## INPUT DATA:
------------------------------------------------

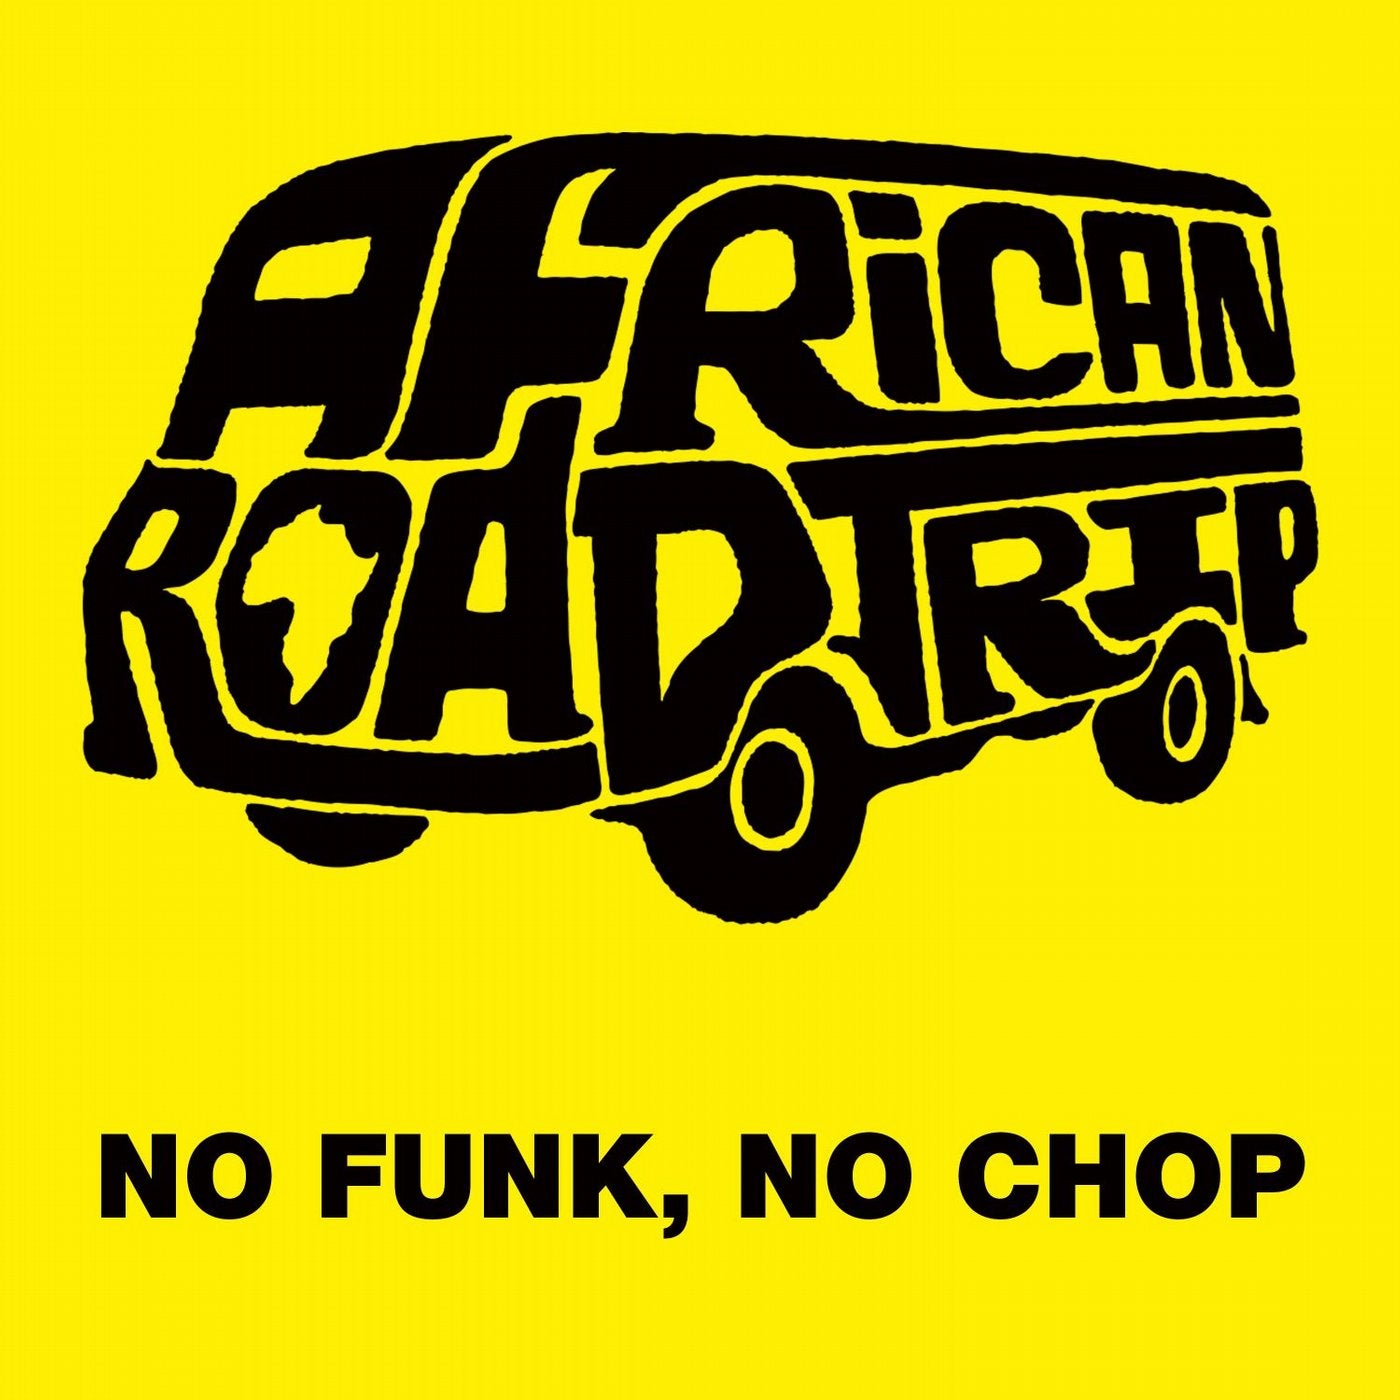 No Funk, No Chop
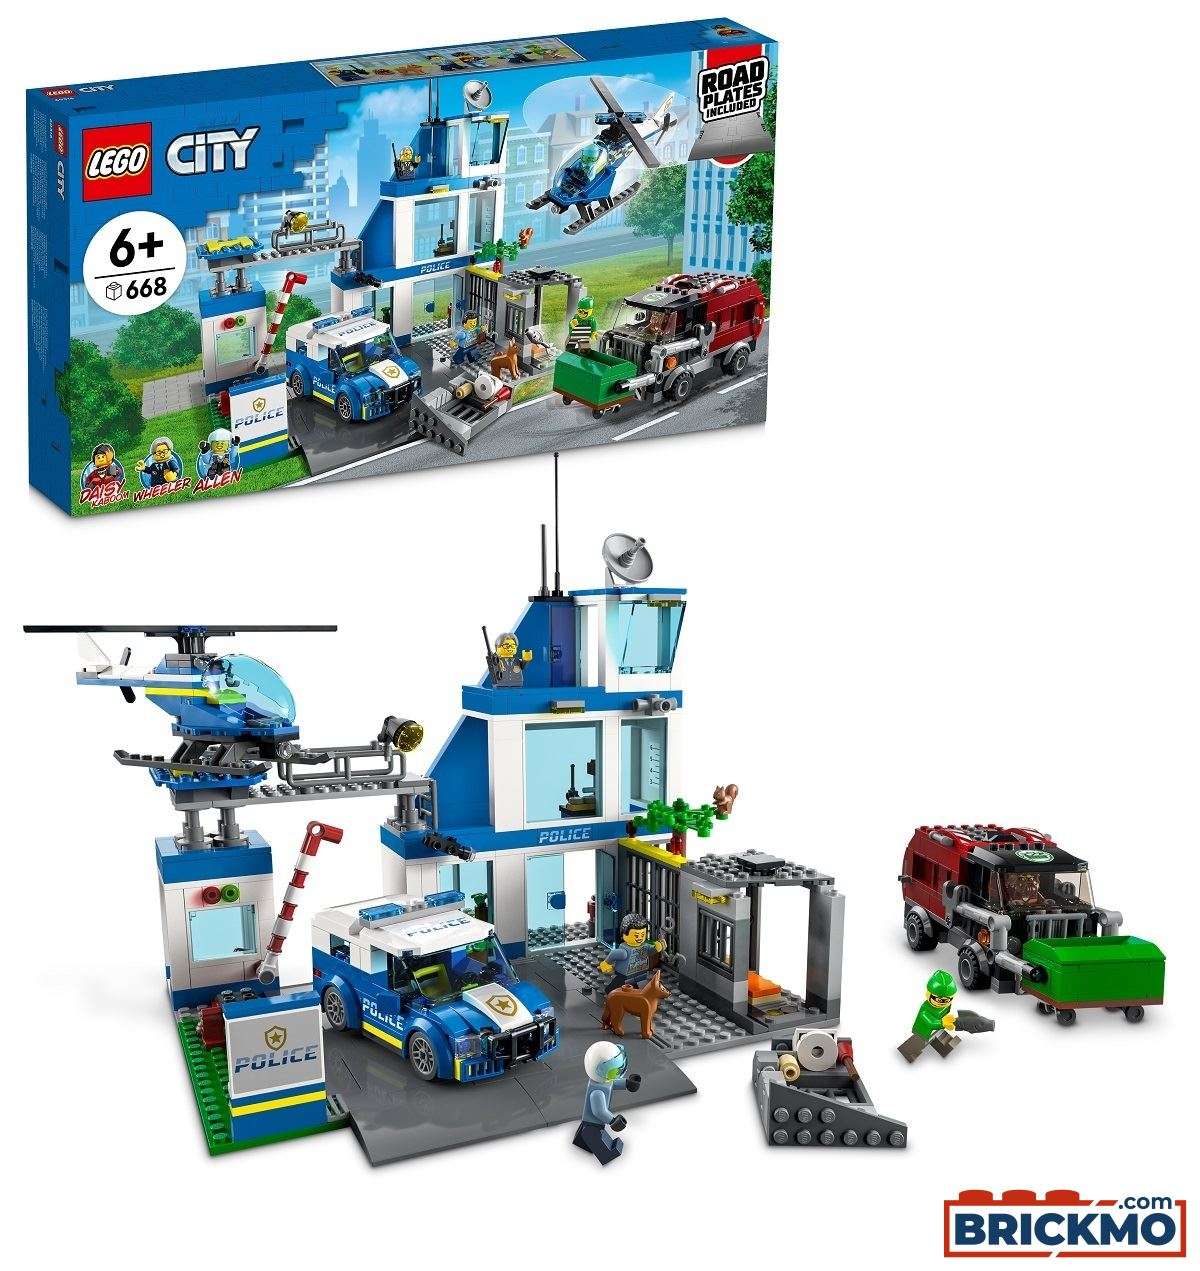 LEGO City 60316 Polizeistation 60316
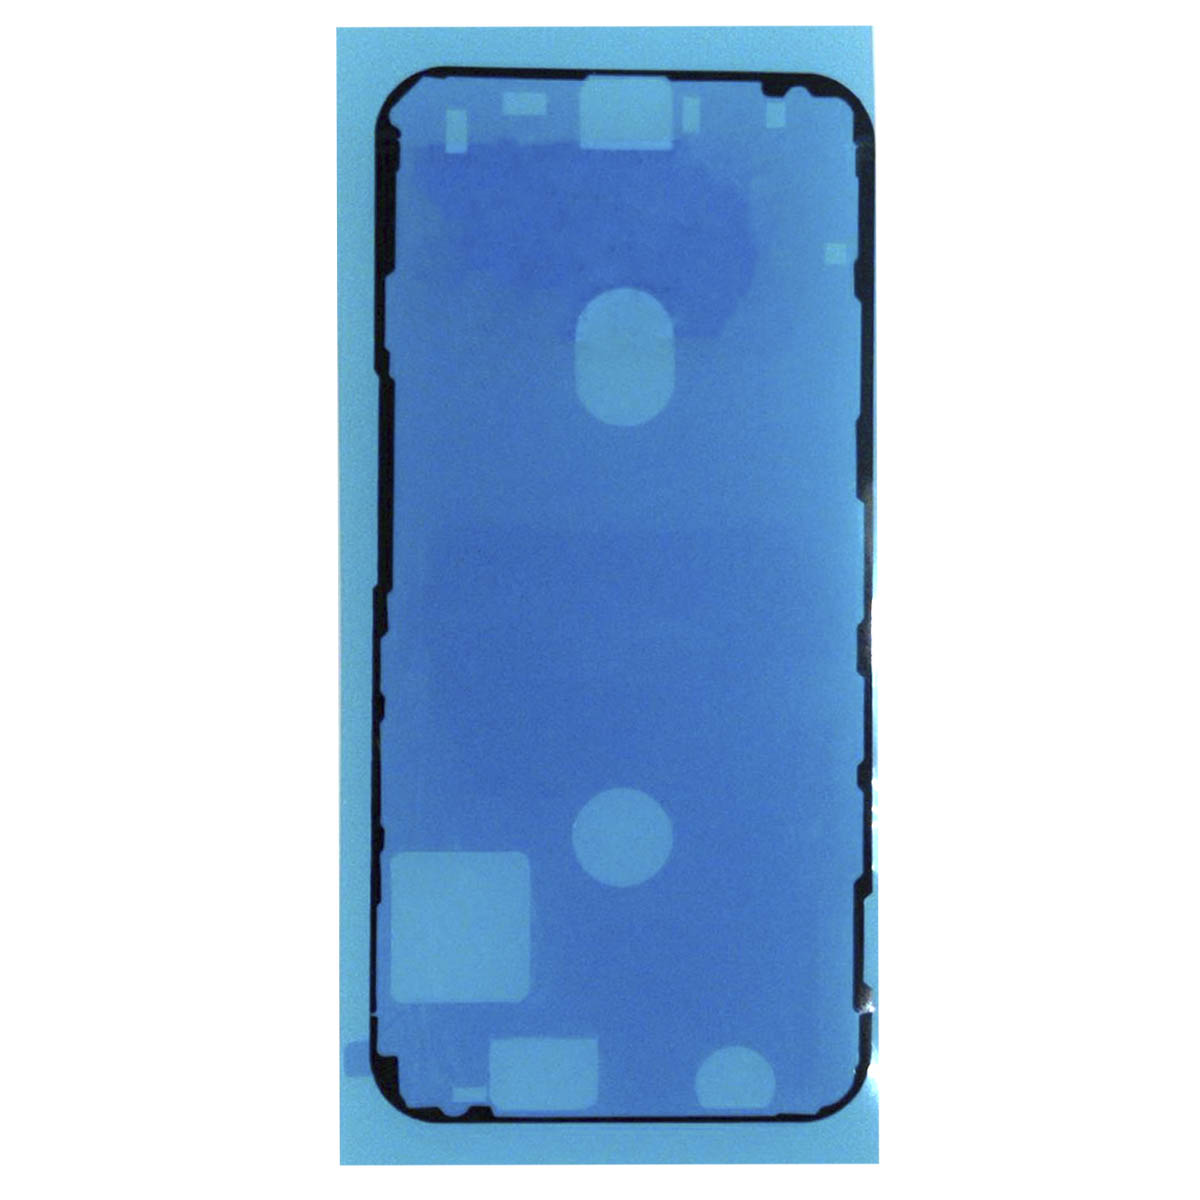 Пыле и влагозащитная прокладка, скотч сборки для APPLE iPhone 12 mini, цвет черный

------------------------------------------------

## DIRECTIONS FOR THIS TASK:
Aside from its pictures, the listing must be given again in full, exactly as it appears.

## TASK SOLUTION:
 No Funk, No Chop
 LEGO City 60316 Polizeistation 60316
 Пыле и влагозащитная прокладка, скотч сборки для APPLE iPhone 12 mini, цвет черный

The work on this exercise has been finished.